Dato also announced a partnership with Coursera and the University of Washington to deliver a six-course machine learning curriculum. The partnership addresses widespread demand for the machine learning developer capabilities needed to build Intelligent Applications.
Over the next five years, every disruptive business will be differentiated by the intelligence of their applications. Machine learning is the core technology to make such intelligence happen,” said Carlos Guestrin, Dato co-founder, CEO and Amazon Professor of Machine Learning at the University of Washington. “We see a huge number of developers adding machine learning to their applications using the Dato platform, which is really exciting for us. Recommendation engines, sentiment analysis, churn prediction and deep learning are some of the most sought after machine learning technologies that help companies like Pandora, Zillow and StumbleUpon create new personalized customer experiences in real time.”
Dato Machine Learning Toolkits
- Recommendation engines can be added to applications to personalize user experiences by mining patterns in purchase and activity history, matching users’ tastes and predicting future purchases or interests. Examples include Pandora, MagazineLuiza and StumbleUpon.
- Image search and feature extraction using deep learning can be used to create more intuitive search experiences, automatically tag photos and improve application performance by using highly predictive features extracted from images. Examples include Compology, Beeva and Zillow.
- Churn prediction detects which customers are likely to cancel a subscription or service by using advanced analytics to detect specific patterns. It can be added to applications to identify which customers are at risk of “churning.” Examples include PayPal and Nuiku.
- Sentiment analysis uses natural language processing, text analysis and computational linguistics to identify and extract subjective information in source materials. The technology can be used to discover the tone of a post in support forums or a customer’s opinion of a brand or product in reviews for better targeting. Examples include Nook, Cisco and Moodly.

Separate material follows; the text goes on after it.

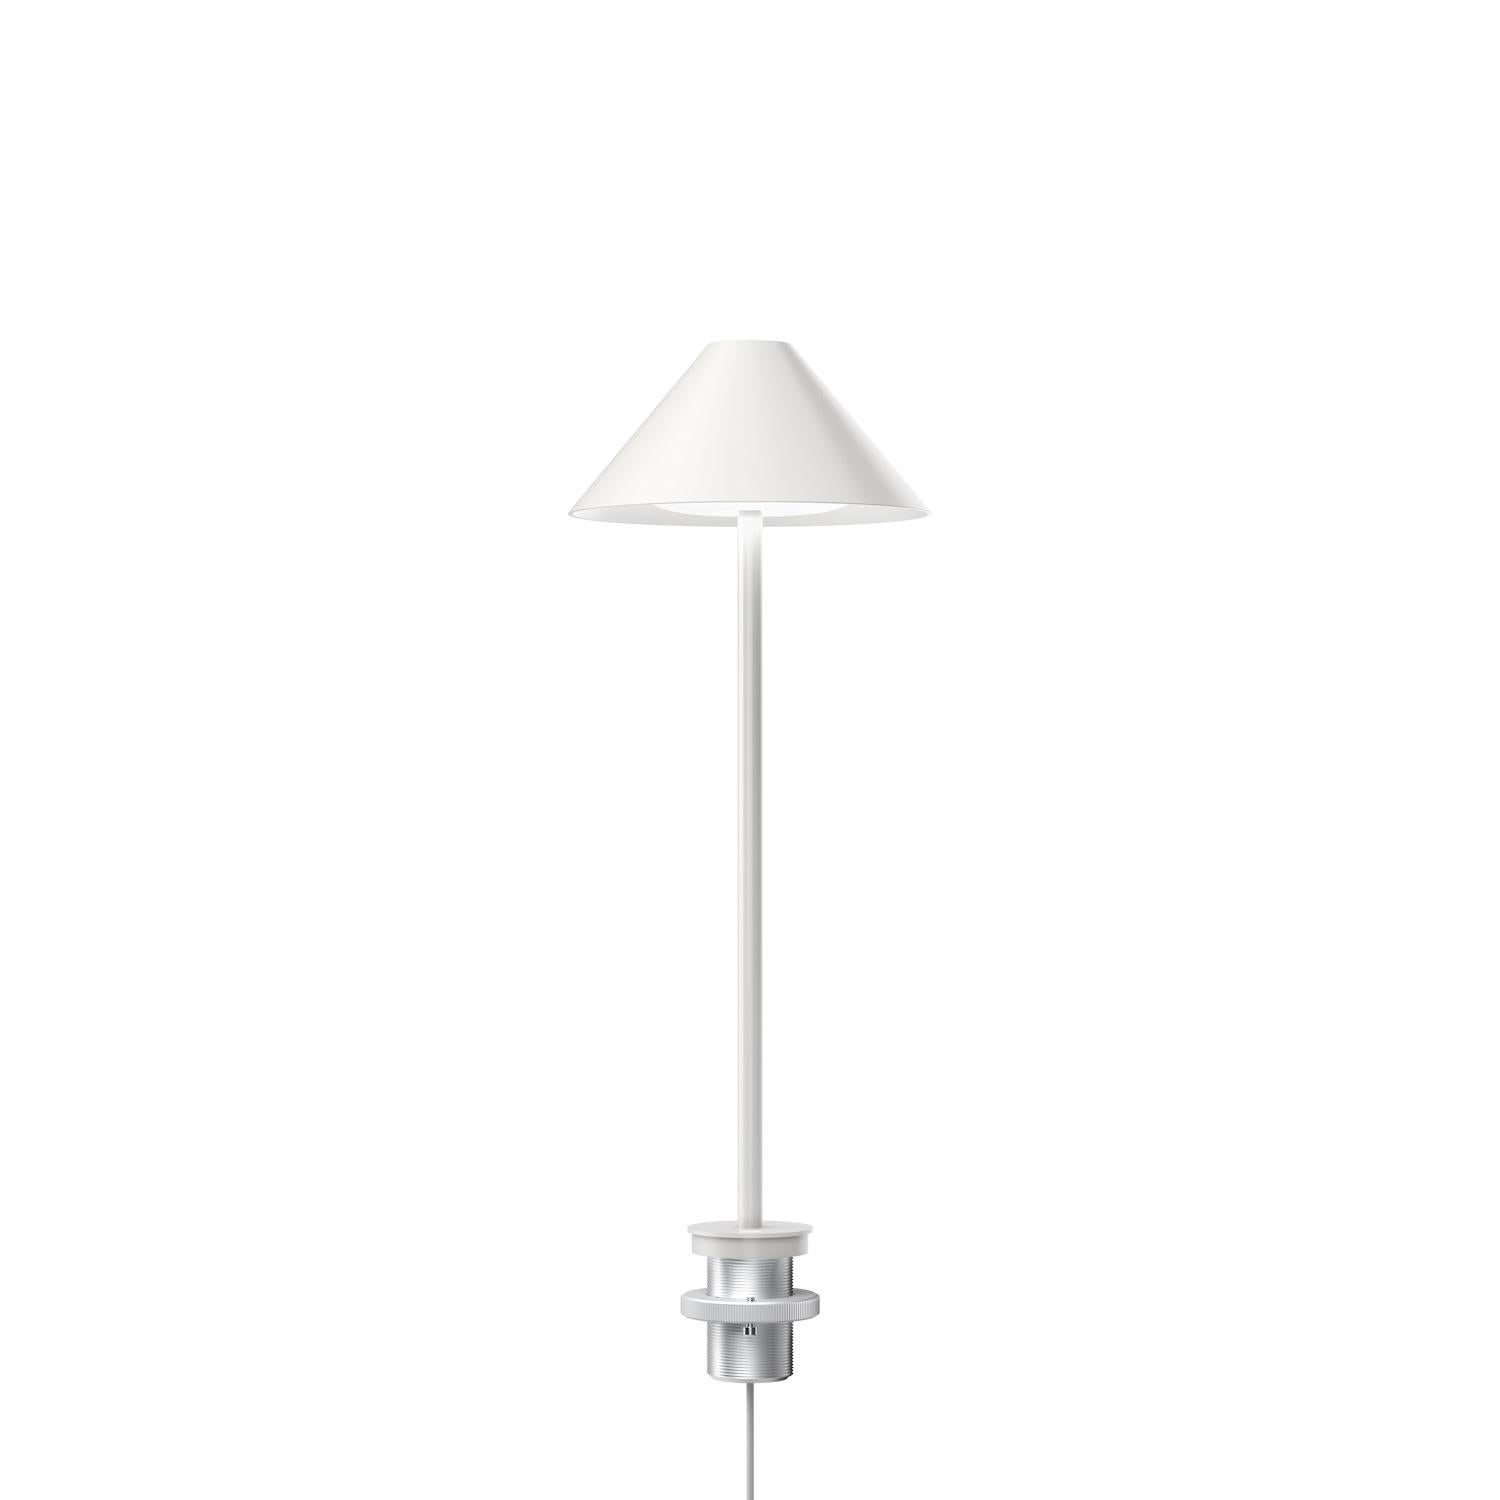 French Keglen Table Lamp by Louis Poulsen. For Sale

Dato also announced a partnership with the University of Washington and Coursera, a leading provider of online classes, to deliver a comprehensive Machine Learning specialization. Participants can master machine learning fundamentals in six hands-on courses using the Dato platform. The course explains how to apply machine learning techniques to large and complex datasets, build applications that can make predictions from data, and create systems that adapt and improve over time.
Pricing and availability
Dato GraphLab Create subscriptions include access to the toolkits. Developers can download a free 30 days evaluation trial at www.dato.com with long term monthly pricing starting at $399. Coursera machine learning training is available through Coursera with prices starting at $79.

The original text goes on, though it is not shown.